Cannabis use and vertigo may be correlated, as there are endocannabinoid receptors present within the audiovestibular pathways.1 Research has demonstrated that acute THC intoxication may cause dizziness and vertigo.2 However, dosage and method of consumption likely play a significant role in whether or not cannabis can induce vertigo. 

Because cannabis can affect motor skills and balance in some users, it is not typically recommended as a treatment option for vertigo. However, it may help with some of vertigo’s effects, such as nausea and vomiting.1 Still, there isn’t enough evidence to declare with certainty whether cannabis may cause or help alleviate vertigo.

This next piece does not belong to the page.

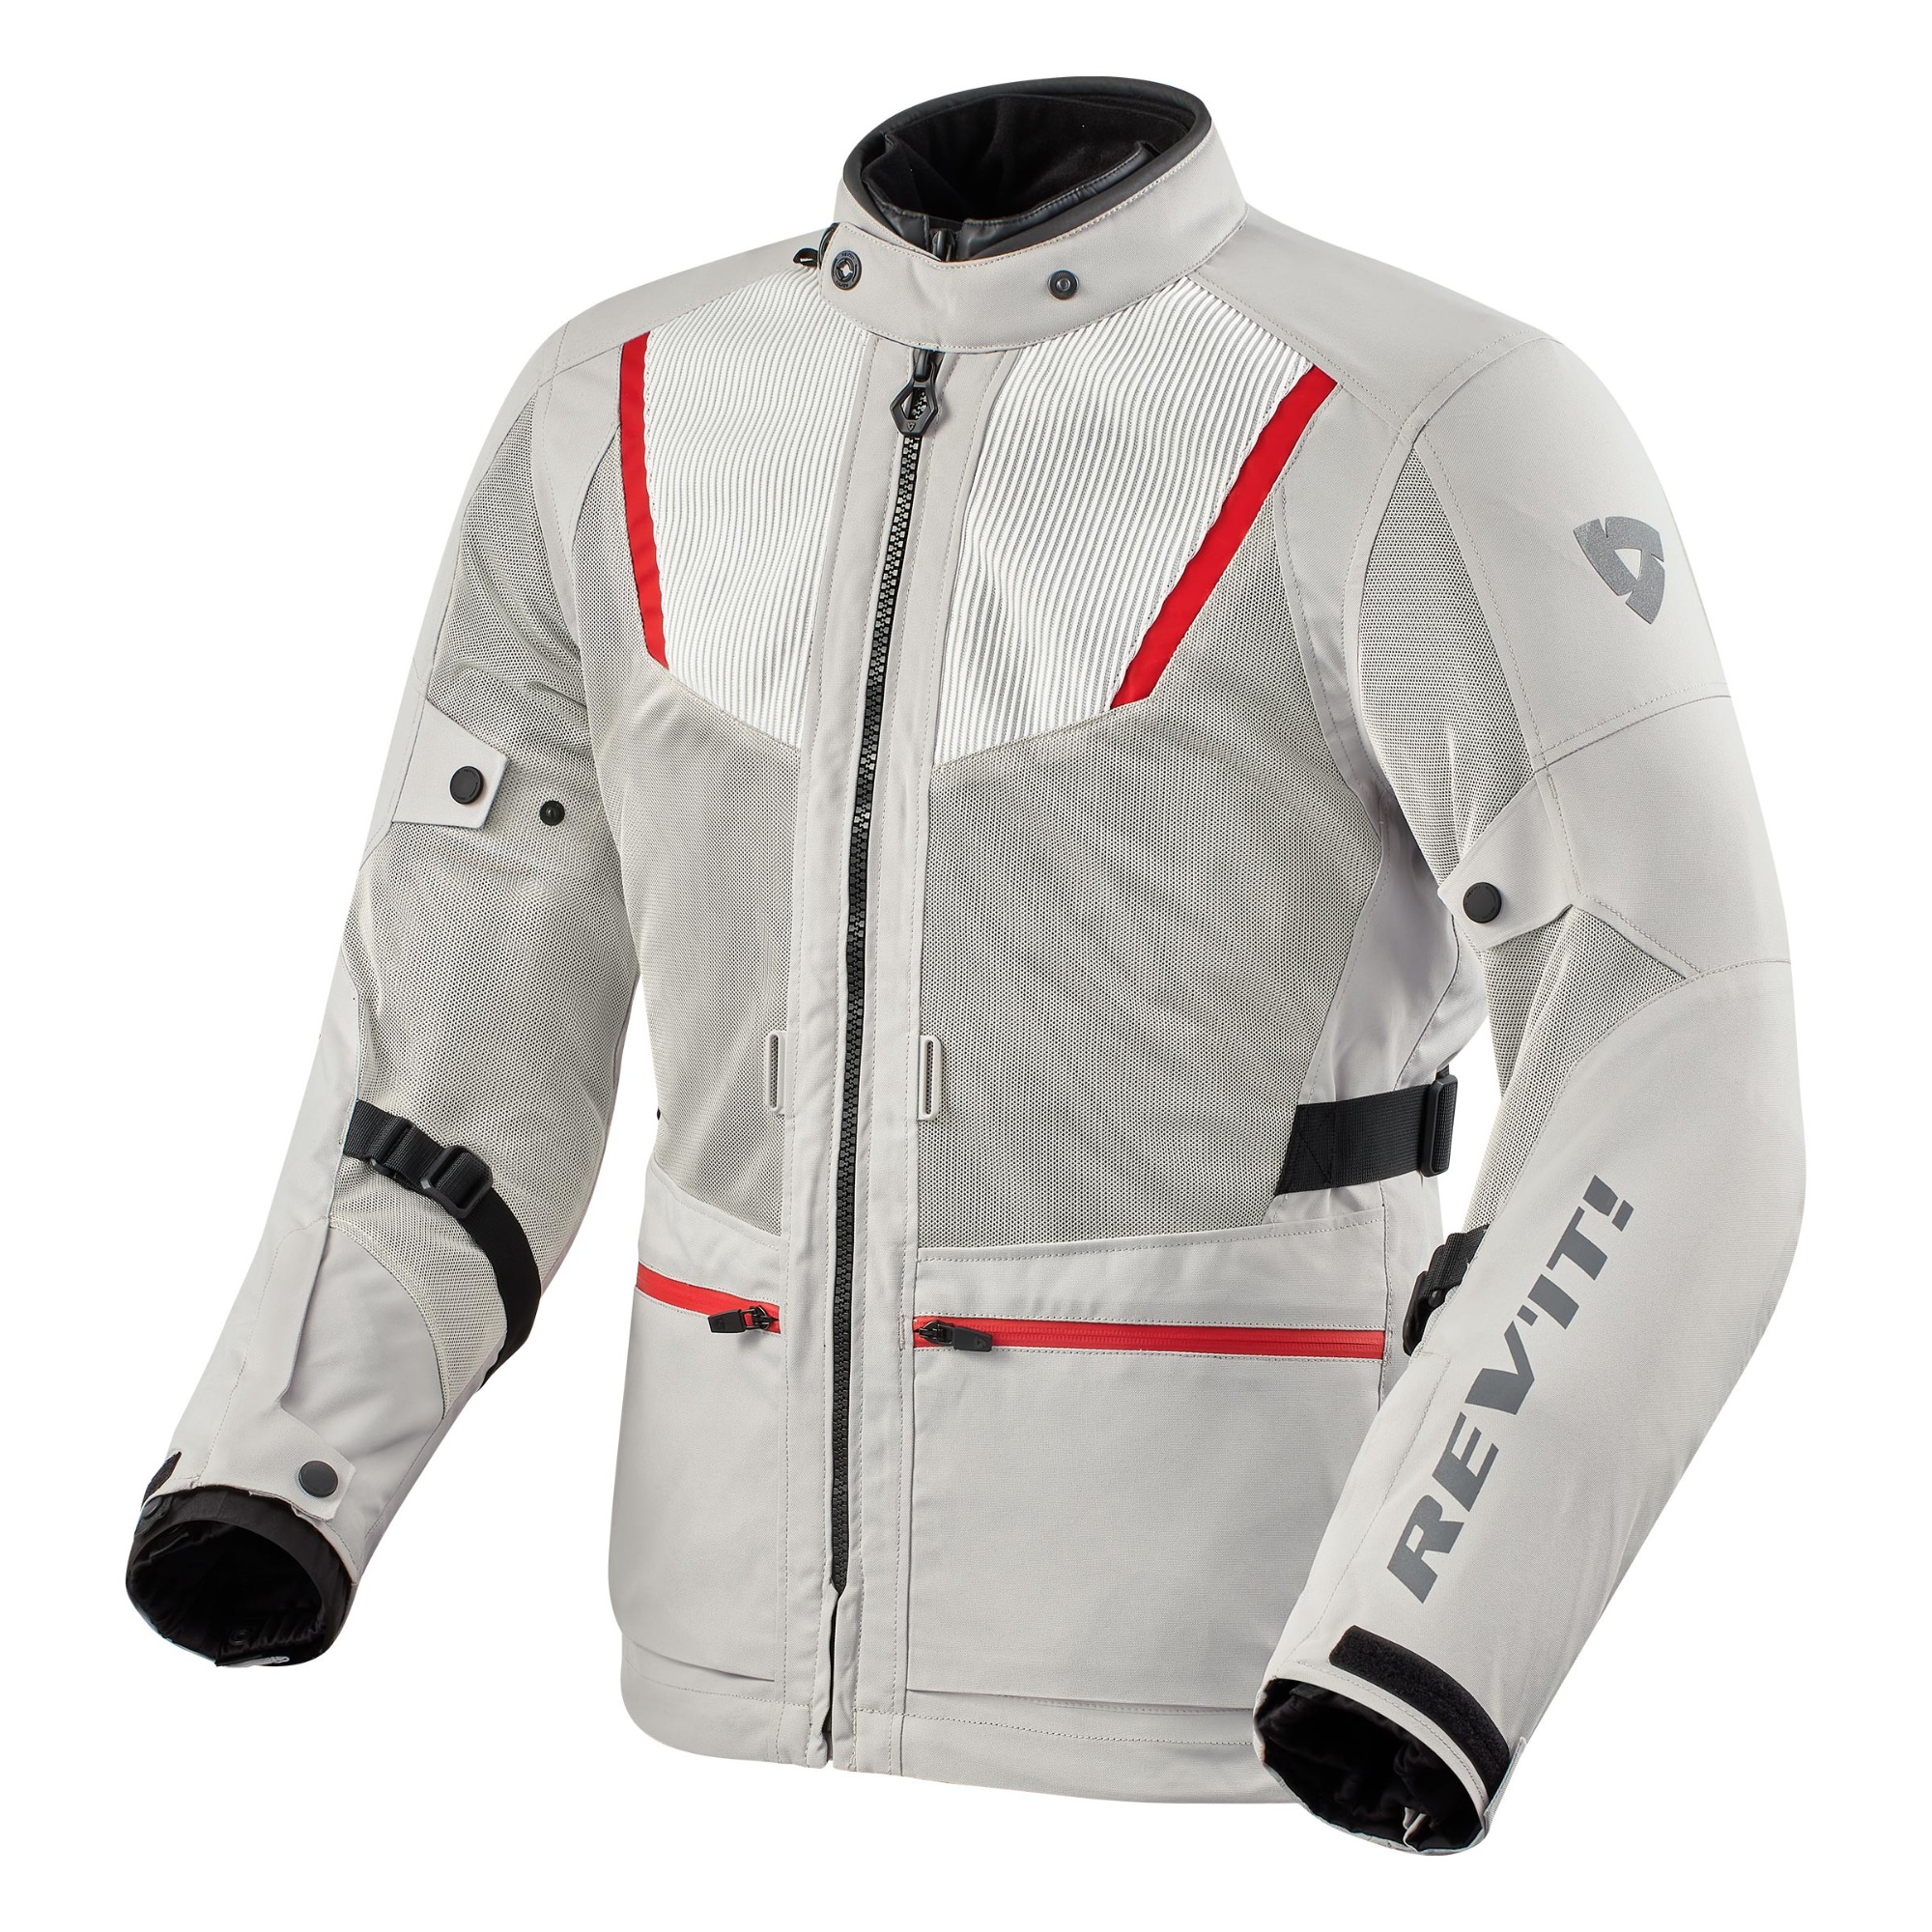 Image of REV'IT! Levante 2 H2O Jacket Silver Size L ID 8700001332620

Everyone reacts differently to cannabis. Because of this, it’s important to think about your individual health and consult with your doctor if you believe cannabis could be an effective option for dealing with vertigo. However, if you’ve previously experienced loss of balance from cannabis use, it’s unlikely to be an effective way to get relief from vertigo.

Legality and Doctor’s Recommendation

To determine if your state considers vertigo to be a qualifying condition for medical marijuana, check out our Laws & Regulations section for the medical cannabis rules for your state.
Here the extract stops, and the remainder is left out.